The Sheer Terror of PAM

Hey all, this is my RustConf 2022 for 2022! I'm super excited to finally be able to share this page publicly. Enjoy the talk! I've included a video of it, my script and slides embedded below and finally a link to the slides PDF at the bottom of the page. Choose how you want to enjoy this talk. All the options are vaild.

Cadey is enby
<Cadey> Be well all!

The introduction slide

Hi, I'm Xe Iaso and today I'm going to get to talk about existential terror. I'm going to talk about The Sheer Terror of PAM, the authentication and authorization framework for Linux and UNIX systems. By the end of this talk you should have a clear understanding of what PAM is, why it exists, why it sucks, and the horrors I encountered while writing a PAM module in Rust for work.

My about the speaker slide

Like I said, I'm Xe Iaso. I'm a blogger, student of philosophy, and an aspiring fiction writer. Professionally I work at Tailscale as the Archmage of Infrastructure doing developer relations stuff. It's worth noting that I'm not speaking for Tailscale in this talk, but I am speaking about a project I worked on at Tailscale. Any opinions are my own.

Authentication and authorization are two similar sounding concepts, but they are subtly different in ways that really set them apart. So that everyone's on the same page, here's my SRE cliffs notes version of the terms.

Authentication is what makes sure you are who or what you say you are. This is what we use passwords, spicy hardware dongles that pretend to be a keyboard, and Google Authenticator codes for. This only proves the identity of a person or service though.

Authorization is what makes sure that you are allowed to do something. This is why you get those annoying user access control prompts on windows or asked to scan your face to install apps on an iPad.

The difference between the two is that authentication would be Kirby confirming who he is as the reincarnation of the god of death and authorization would be making sure Kirby has permission to recreate the world in his image. He is authenticated as the reincarnation of Dark Matter but he would not be authorized to use Star Dream to reshape Planet Popstar to his will.

Cadey is coffee
<Cadey> Sorry for the major spoilers for every Kirby game there. Kirby lore. Quite something.

So, now that we know what authentication and authorization are, let's talk about the one library that everyone across most Linux distributions, Unices and Macs use for this: PAM.

PAM is an authentication and authorization framework for Linux and UNIX systems. It's not really one implementation, but they're all similar enough that we can pretend they are one big happy implementation just to keep things simple.

The biggest thing that PAM does that the things that came before it doesn't are that PAM allowed administrators to set up policies for how people could connect to computers. Today this means you can set up rules that match your buzzword compliant policies.

PAM is the result of the 90's making the computing world a lot more complicated when multiple computers got into the mix. PAM came around after people realized that storing password hashes for everyone in the system wouldn't work very well if you made that file with all the password hashes world-readable.

Computer security was a vastly different thing when the whole world ran on paper, eh?

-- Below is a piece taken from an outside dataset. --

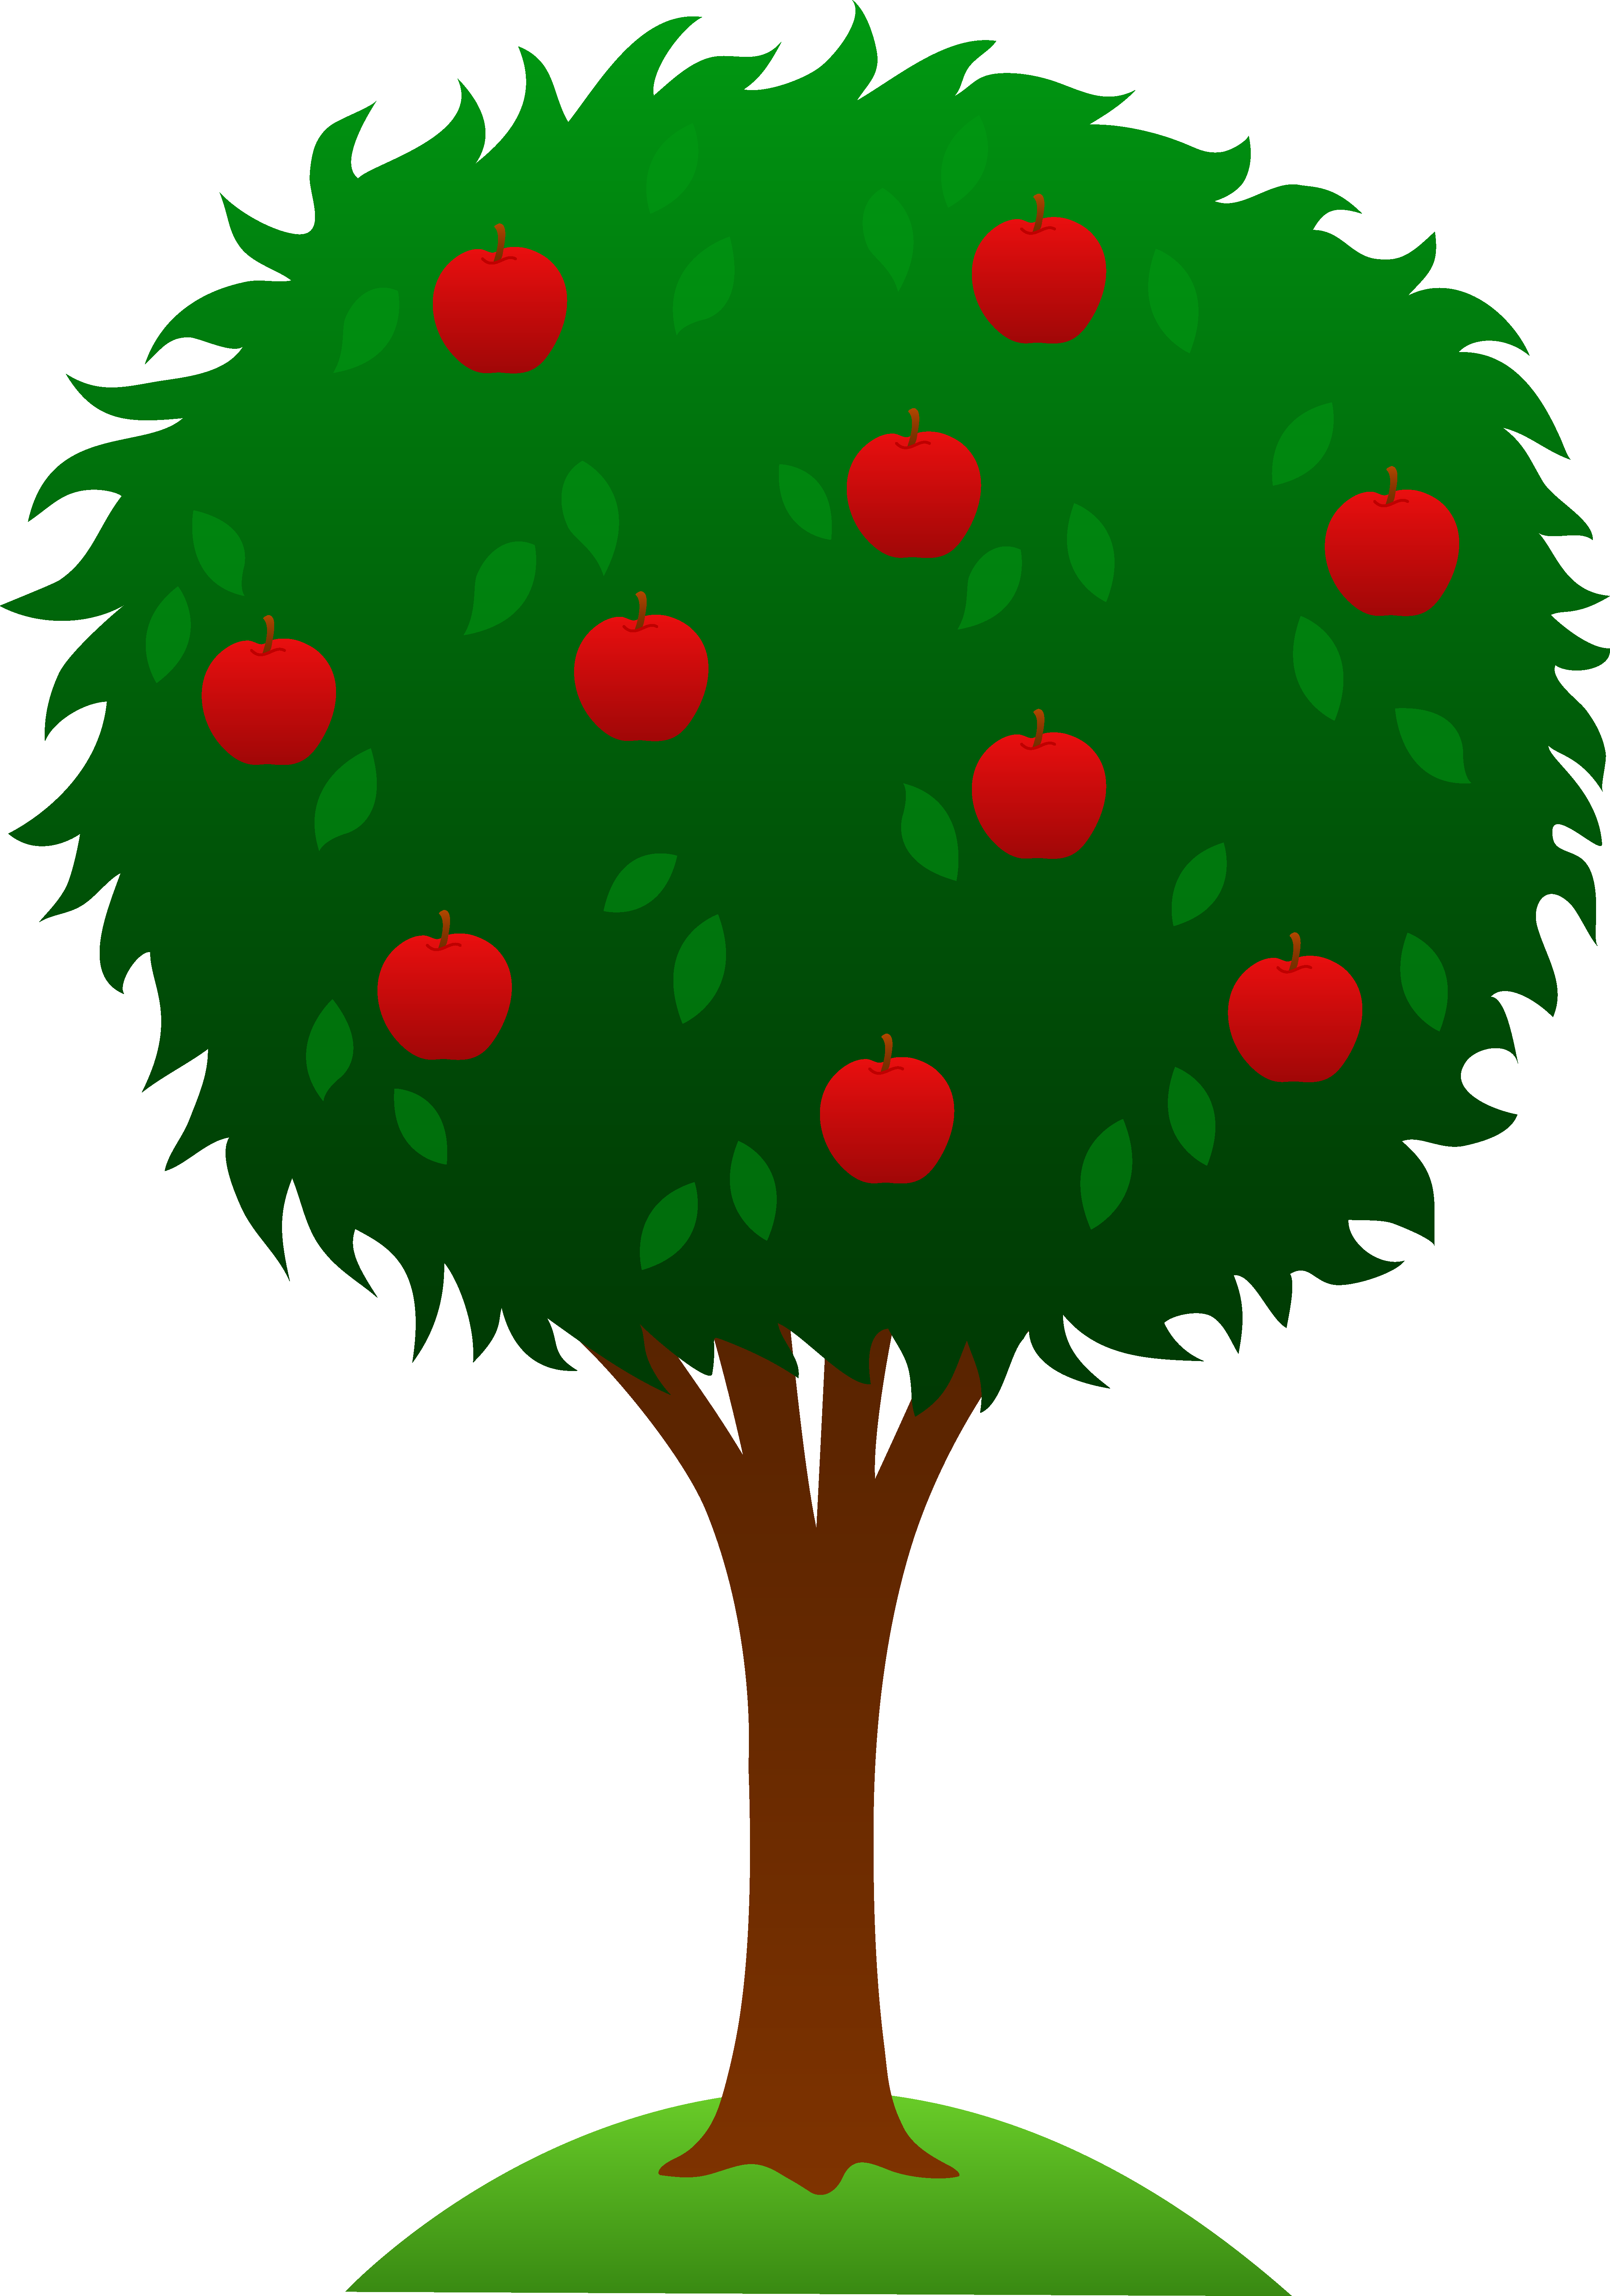 Orange Tree Clipart | Clipart library - Free Clipart Images

PAM was made by the Java people: Sun Microsystems. PAM was intended to help replace other competing implementations of tacky directory server integration (like shoving all of the password database into DNS) and get rid of the existing legacy cruft that developed organically over the years.

It is kind of amusing that PAM in all its incarnations is now the organically grown cruft that it was set out to replace.

But computers got faster at crunching numbers and with that storing more important classified work, so something had to give. Imagine how bad it would have been if hackers could grab your password hash over DNS and send it to a cluster of 4 whole PDP-11 minicomputers to crack it.

PAM ships with a bunch of modules that let you check passwords against the local password database, run arbitrary commands on the system, check for account expiration or password aging, and change your password.

By the way, that "changing your password" thing was something that I had a misconception about for a while when I was learning this. When I read the manual pages out of Ubuntu, I thought that password modules were for customizing what password checking rules were in place. I admit I made an assumption on incomplete information, this stuff is hard to research.

Turns out that password modules in PAM are for changing your password, not for changing the authentication logic for using passwords. The FreeBSD handbook helped clear that up for me. FreeBSD has amazing documentation by the way, check it out sometime.

At the time C was the best thing since canned bread, so PAM was written in C. Each PAM module was implemented as its own shared library file also written in C.

And this worked for the time that it was made for. It met all the needs and it had extensibility by both systems administrators and software distributors. It worked great for its time.

However it's not the 90's anymore. It's 2022. Password theft is rampant. The computer in most display controllers on fancy laptops can rival the computers that PAM was designed for. Two factor auth is mandatory for securing access to production. And to top it all off, somehow society has agreed that OAuth2 and OIDC are decent standards. C has aged about as gracefully as milk in a desert, which makes it really easy to write arbitrary code execution bugs that also do something useful sometimes.

But we still have PAM in every Mac, Ubuntu server and all over the cloud. We will probably still have to deal with PAM for a very long time. It's been around for about 25 years now and the longer something is around the longer it'll take to get rid of it. However, it's so ubiquitous that you can take advantage of this to make your servers do whatever you want on login.

One of the really cool features of PAM is that every service on the system can have its own rules. When an application starts an authentication session with PAM, it supplies a service name. This service name is used to enable administrators to set up policies for that service in particular.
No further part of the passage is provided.